I had been quite unwell – clearly I was suffering from some sort of burn-out – and then I received an offer that gave me an exit. I had the romantic idea of buying a hotel in the Cotswolds…

Then I was asked me to come back to the area, so I had a look at this site and it felt right – in a perfect position beside the river. I said to my investors I would do one restaurant, so my work/life balance would be better than it had been before… [Sam grins in acknowledgement that it hasn’t worked out quite like that].

Weirdly, it was lockdown that caused us to want to expand. The Covid pandemic struck just four and a half months after we opened, at a point when we had no money in the bank. Some restaurants closed down at the time because they couldn’t manage their cash flow. We survived because we had a large West London fan base – we weren’t a brand new restaurant in a sense, we had history – and we also had four months of great feedback. 

So we set up a pledge page and were quite vocal in saying ‘We need help’. We received £100,000 in pledges, which provided the cash flow we needed to survive – and it also meant we had customers who were committed to coming back when we reopened, which gave us a bit of a club feel.

We opened our storage unit at the back of the restaurant as a shop [Sam’s Larder] during Covid, then the café on the corner opposite the shop wanted to close after the pandemic, and we loved the site, so we took it on [Sam’s Kitchen].

Chiswick also felt right, and during the pandemic I was cycling along the river a couple of times of week and came across the new Brentford Project, by Ballymore, which I felt was a great community. 
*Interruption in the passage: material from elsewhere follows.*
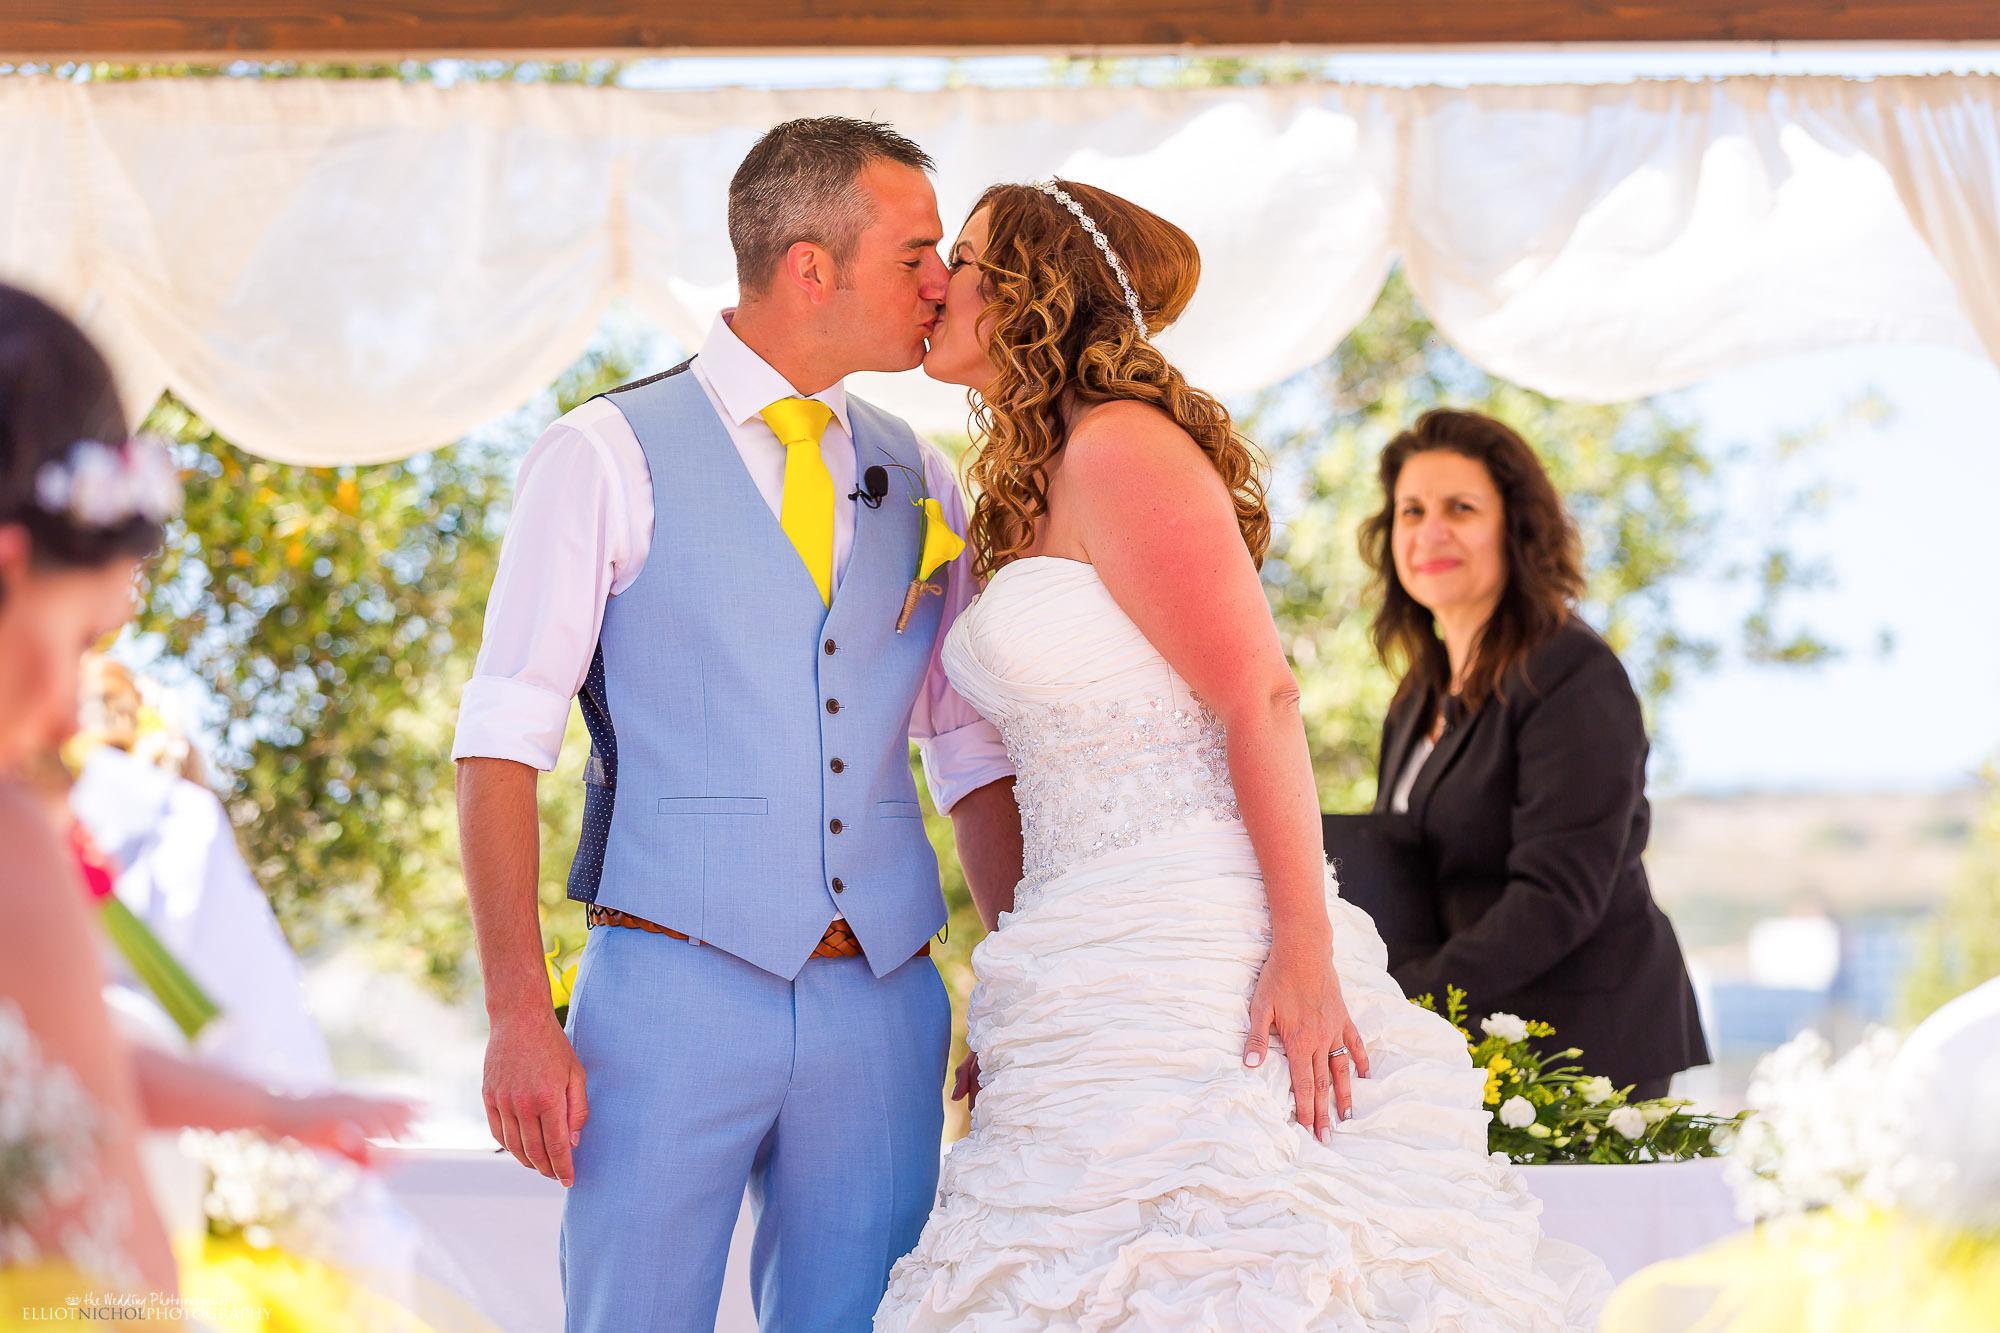 kiss-kissing-wedding-ceremony-newlyweds-photography

We took a punt to go in early at Brentford – we were brand new and there was not a lot of footfall to start with, things were slow. But the area came alive during the summer and people are now finding us – you win a lot of favour with the residents for going in early, and we also attract people who already know us from Chiswick, as well as people from nearby areas like Ealing or Richmond or Isleworth.

It is interesting to hear that this was all in a sense a response to the pandemic. How has it changed things?
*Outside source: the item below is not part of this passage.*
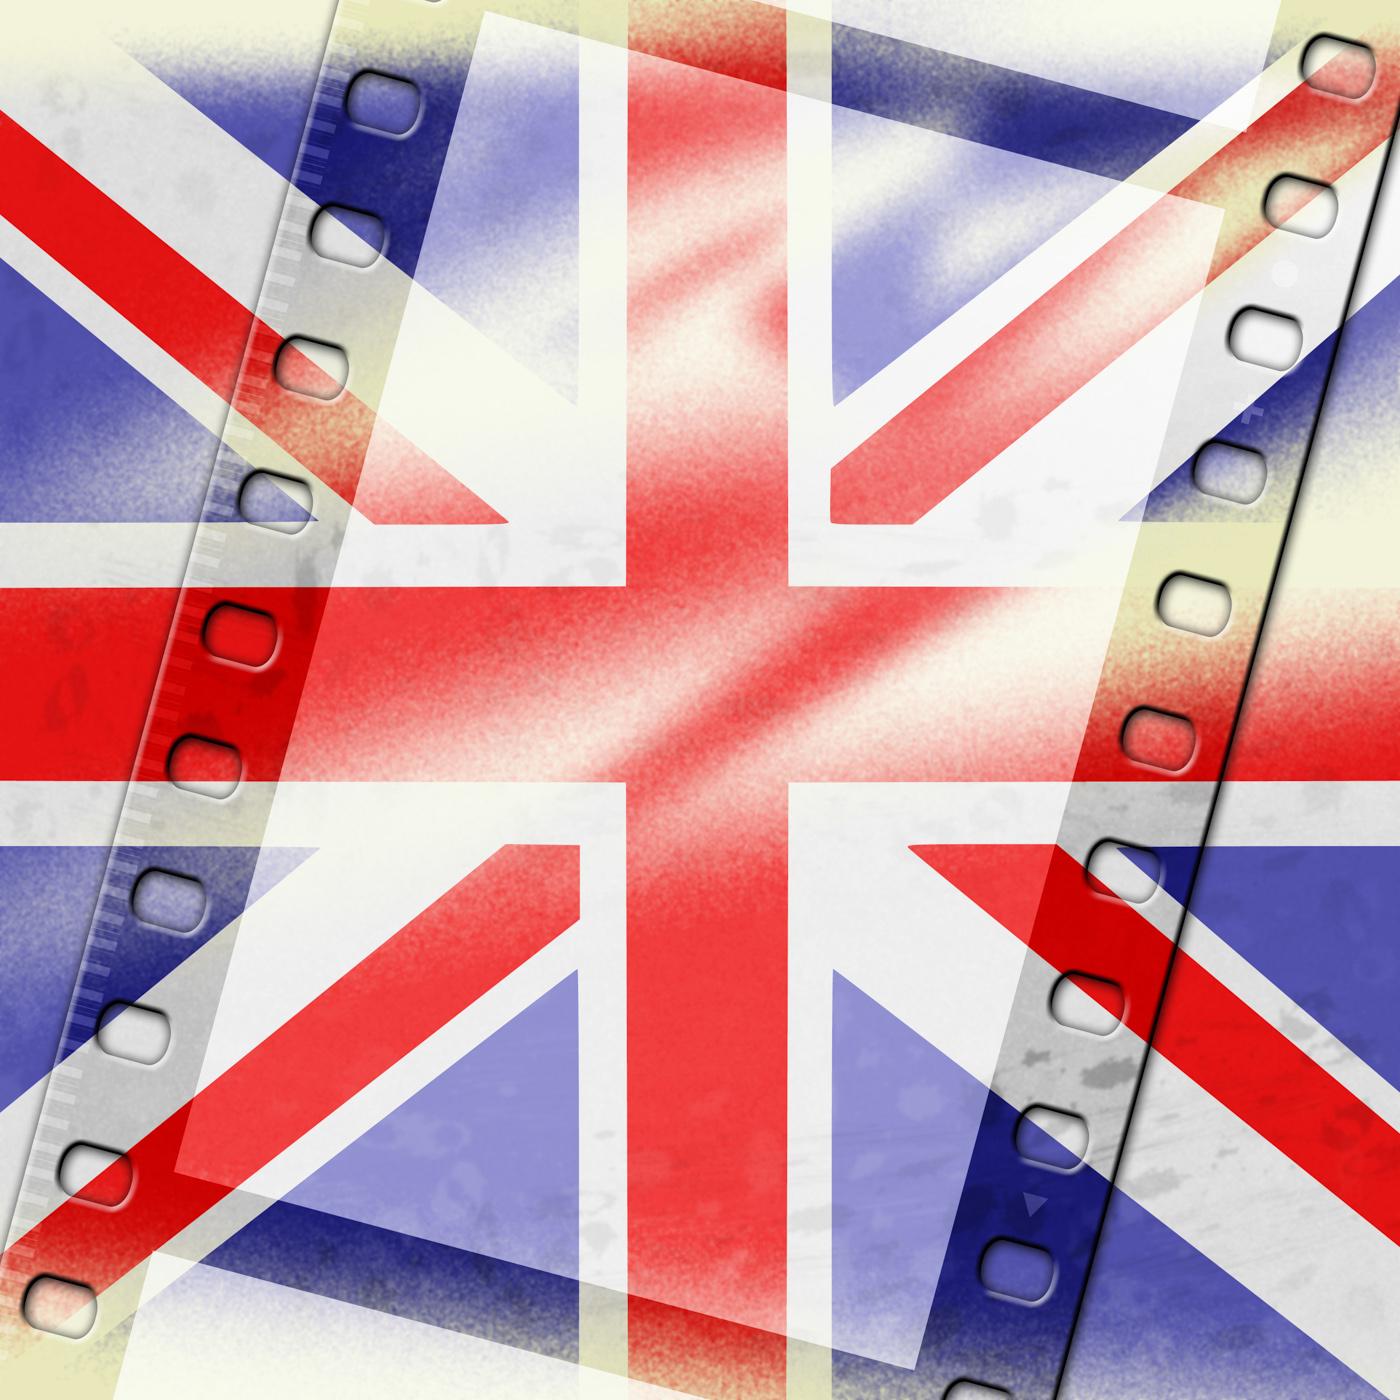 Union jack represents british flag and background photo

Dining out changed forever after Covid, and that has certainly shaped what Sam’s Riverside has become. More people work from home, and people don’t want to travel as much. People also eat much earlier. It used to be that we’d have no bookings before 7pm, whereas now we can be full by 5.30 or 6. And while recruiting staff is hard, a lot of my guys don’t want to commute into the West End or the City any more. 
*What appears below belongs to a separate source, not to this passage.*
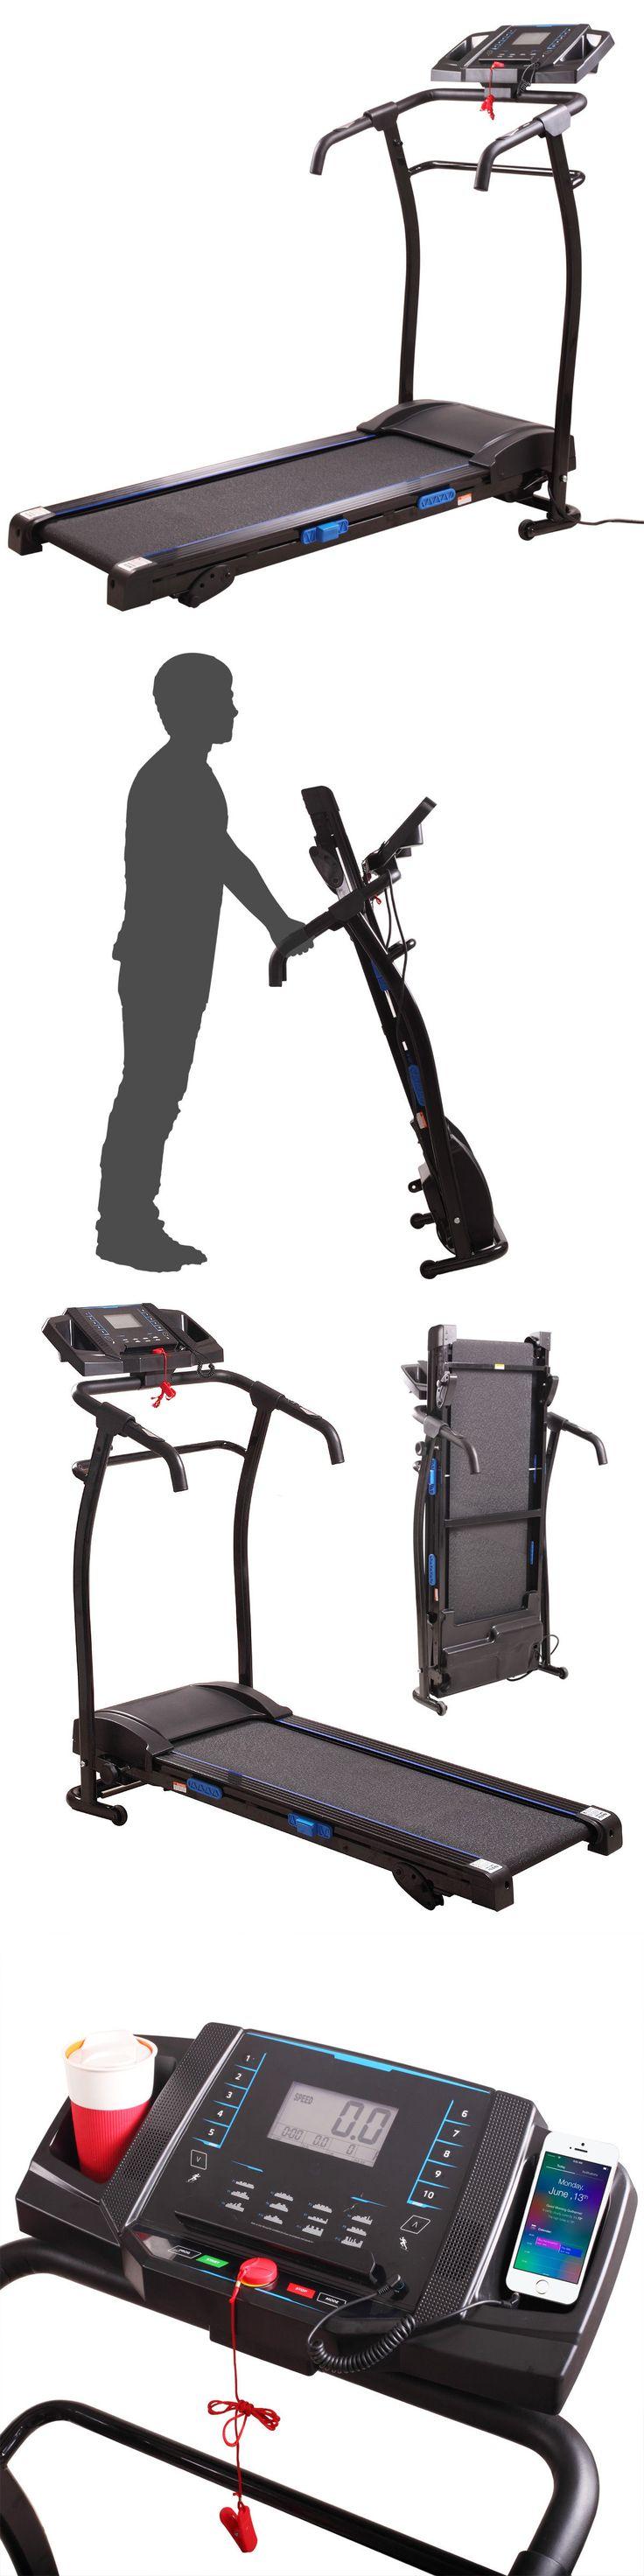 Treadmills 15280: Treadmill Portable 1500W Folding Electric Motorized Running Gym Fitness Machine -> BUY IT NOW ONLY: $294.99 on eBay!

So how do you feel about future prospects?

As a whole, considering how affluent the area is, there is still not a huge variety of restaurants in West London. That’s partly because of the lack of suitable property, which means rents are high proportionately – certainly compared with East London. 

Trade is still very unpredictable, and is pretty much the hardest trading many of us have every known. Some of the chains are faltering a bit, but if some of them don’t survive, that opens opportunities for younger people coming into the market. And there are always opportunities for good operators. I think restaurants should never be average, and that people are getting bored with some of the chains. 

Value for money, perceived value, is so important, too – I am amazed at what some restaurants get away with charging. Of course, we’re all in business to make money, but you have to take a long-term view, whereas the chains are often owned by money men who need to make a return – and if money is the object, possibly the customer will suffer.

I just hope London doesn’t become too expensive to operate in.